◆ Material for this task ◆
=== Begin Enclosure ===

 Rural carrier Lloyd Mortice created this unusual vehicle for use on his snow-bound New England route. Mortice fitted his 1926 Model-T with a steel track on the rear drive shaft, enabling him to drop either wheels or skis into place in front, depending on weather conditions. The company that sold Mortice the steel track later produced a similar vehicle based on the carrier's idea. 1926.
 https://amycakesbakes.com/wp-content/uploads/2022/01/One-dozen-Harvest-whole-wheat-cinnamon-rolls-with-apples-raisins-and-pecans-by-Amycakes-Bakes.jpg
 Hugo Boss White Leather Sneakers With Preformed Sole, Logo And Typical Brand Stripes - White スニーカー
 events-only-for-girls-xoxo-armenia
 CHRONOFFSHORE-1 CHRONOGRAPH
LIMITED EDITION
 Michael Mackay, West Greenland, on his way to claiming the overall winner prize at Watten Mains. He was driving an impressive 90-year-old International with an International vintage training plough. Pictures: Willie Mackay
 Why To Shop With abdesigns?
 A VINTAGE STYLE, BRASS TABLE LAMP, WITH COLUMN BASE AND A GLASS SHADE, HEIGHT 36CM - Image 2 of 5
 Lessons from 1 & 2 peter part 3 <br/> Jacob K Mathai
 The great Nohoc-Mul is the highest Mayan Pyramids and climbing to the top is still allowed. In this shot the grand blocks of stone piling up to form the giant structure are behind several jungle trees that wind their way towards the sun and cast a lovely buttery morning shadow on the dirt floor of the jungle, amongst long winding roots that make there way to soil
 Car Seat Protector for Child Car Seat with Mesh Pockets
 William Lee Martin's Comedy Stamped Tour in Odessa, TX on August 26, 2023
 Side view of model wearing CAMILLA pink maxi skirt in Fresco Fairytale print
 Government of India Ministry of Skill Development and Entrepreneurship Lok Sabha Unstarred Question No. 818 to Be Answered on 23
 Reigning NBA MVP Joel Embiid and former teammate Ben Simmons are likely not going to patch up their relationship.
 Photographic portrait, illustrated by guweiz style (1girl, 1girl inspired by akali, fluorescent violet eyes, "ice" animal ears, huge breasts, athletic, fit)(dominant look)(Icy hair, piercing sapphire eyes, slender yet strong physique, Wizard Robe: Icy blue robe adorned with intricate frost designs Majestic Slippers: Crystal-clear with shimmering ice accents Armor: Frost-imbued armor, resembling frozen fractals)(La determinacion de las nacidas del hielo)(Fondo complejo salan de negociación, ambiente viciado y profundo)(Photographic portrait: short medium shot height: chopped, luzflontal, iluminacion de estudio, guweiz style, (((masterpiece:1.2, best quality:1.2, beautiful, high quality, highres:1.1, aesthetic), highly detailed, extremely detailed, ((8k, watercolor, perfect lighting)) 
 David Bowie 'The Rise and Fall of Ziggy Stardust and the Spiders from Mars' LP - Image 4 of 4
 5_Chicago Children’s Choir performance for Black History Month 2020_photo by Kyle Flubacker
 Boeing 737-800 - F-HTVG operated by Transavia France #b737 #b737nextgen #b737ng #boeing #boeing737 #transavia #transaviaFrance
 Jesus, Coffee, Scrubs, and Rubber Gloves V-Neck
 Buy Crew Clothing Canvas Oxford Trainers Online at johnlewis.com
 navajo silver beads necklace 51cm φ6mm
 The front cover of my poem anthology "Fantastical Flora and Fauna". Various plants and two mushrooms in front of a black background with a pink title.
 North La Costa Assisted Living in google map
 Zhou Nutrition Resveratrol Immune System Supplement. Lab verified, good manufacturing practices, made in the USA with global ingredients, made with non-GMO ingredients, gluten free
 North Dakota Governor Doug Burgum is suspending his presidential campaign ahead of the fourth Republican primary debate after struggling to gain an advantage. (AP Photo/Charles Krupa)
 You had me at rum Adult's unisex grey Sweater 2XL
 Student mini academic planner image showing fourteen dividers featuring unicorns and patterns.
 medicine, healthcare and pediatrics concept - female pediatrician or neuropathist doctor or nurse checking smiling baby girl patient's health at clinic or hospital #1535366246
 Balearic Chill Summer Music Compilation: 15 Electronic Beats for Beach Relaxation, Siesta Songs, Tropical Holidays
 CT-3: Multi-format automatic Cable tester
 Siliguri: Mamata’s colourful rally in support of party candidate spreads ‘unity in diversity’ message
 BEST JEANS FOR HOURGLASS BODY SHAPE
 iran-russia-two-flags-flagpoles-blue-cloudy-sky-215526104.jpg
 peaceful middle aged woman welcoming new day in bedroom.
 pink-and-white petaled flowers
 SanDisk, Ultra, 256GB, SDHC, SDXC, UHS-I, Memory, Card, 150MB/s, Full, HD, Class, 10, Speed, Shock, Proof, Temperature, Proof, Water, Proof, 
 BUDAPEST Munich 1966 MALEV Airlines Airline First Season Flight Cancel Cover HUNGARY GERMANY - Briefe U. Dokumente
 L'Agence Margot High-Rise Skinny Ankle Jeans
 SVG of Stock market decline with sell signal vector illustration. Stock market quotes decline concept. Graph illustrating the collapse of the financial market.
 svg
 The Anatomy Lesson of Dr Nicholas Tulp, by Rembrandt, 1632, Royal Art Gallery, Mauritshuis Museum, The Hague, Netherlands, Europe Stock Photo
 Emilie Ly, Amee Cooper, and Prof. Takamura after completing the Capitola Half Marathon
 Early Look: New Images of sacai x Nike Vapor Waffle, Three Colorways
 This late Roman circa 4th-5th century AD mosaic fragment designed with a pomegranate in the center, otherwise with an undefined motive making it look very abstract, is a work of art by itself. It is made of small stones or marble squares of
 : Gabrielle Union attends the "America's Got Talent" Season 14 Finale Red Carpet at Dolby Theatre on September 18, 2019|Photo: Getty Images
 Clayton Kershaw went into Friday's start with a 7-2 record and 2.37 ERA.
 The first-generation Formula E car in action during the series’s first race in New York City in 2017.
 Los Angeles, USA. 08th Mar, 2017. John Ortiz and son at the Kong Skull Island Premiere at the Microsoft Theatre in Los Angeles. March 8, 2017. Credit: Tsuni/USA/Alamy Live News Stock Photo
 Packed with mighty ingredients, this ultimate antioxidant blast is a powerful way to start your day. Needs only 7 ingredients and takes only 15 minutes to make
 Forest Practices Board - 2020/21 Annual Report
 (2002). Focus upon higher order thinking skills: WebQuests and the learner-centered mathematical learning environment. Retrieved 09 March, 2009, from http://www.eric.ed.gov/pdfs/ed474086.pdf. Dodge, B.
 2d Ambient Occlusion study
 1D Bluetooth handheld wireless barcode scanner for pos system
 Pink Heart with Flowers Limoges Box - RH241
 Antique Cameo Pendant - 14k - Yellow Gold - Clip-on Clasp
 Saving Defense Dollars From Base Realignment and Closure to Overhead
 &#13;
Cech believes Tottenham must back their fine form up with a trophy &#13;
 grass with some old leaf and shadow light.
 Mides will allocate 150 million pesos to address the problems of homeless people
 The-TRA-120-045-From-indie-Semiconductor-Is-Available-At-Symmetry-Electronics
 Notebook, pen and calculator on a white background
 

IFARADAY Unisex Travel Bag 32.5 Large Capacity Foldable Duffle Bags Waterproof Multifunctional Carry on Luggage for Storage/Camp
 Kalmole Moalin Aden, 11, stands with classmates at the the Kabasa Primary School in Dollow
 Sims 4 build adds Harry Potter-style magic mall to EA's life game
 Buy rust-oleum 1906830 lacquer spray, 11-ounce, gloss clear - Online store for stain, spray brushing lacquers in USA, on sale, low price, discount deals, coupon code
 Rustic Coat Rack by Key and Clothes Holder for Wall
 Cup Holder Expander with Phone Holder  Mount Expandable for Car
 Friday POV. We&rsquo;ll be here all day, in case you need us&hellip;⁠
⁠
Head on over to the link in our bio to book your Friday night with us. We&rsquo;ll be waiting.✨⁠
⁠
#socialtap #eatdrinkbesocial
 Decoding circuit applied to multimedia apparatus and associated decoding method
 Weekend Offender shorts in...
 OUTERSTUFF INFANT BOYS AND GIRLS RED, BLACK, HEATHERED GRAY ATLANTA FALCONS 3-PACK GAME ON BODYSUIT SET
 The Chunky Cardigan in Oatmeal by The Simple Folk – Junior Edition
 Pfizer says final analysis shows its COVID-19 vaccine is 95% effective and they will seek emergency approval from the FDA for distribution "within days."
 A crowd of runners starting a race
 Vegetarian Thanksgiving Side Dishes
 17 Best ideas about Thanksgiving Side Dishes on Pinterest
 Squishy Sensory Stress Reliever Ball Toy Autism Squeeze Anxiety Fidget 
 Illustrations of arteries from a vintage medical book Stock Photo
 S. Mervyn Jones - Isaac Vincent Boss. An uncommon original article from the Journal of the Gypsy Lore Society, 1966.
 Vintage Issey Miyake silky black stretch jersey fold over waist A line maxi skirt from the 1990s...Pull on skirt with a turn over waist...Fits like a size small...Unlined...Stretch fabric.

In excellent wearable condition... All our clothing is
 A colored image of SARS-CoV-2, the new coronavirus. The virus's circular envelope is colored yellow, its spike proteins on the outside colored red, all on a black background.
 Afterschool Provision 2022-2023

=== End Enclosure ===

◆ Exercise aim ◆
Look above for the line with "Cup Holder Expander" and the line with "Vegetarian Thanksgiving Side Dishes", and reproduce exactly those two lines plus every line between, nothing more.

◆ Solved exercise ◆
 Cup Holder Expander with Phone Holder  Mount Expandable for Car
 Friday POV. We&rsquo;ll be here all day, in case you need us&hellip;⁠
⁠
Head on over to the link in our bio to book your Friday night with us. We&rsquo;ll be waiting.✨⁠
⁠
#socialtap #eatdrinkbesocial
 Decoding circuit applied to multimedia apparatus and associated decoding method
 Weekend Offender shorts in...
 OUTERSTUFF INFANT BOYS AND GIRLS RED, BLACK, HEATHERED GRAY ATLANTA FALCONS 3-PACK GAME ON BODYSUIT SET
 The Chunky Cardigan in Oatmeal by The Simple Folk – Junior Edition
 Pfizer says final analysis shows its COVID-19 vaccine is 95% effective and they will seek emergency approval from the FDA for distribution "within days."
 A crowd of runners starting a race
 Vegetarian Thanksgiving Side Dishes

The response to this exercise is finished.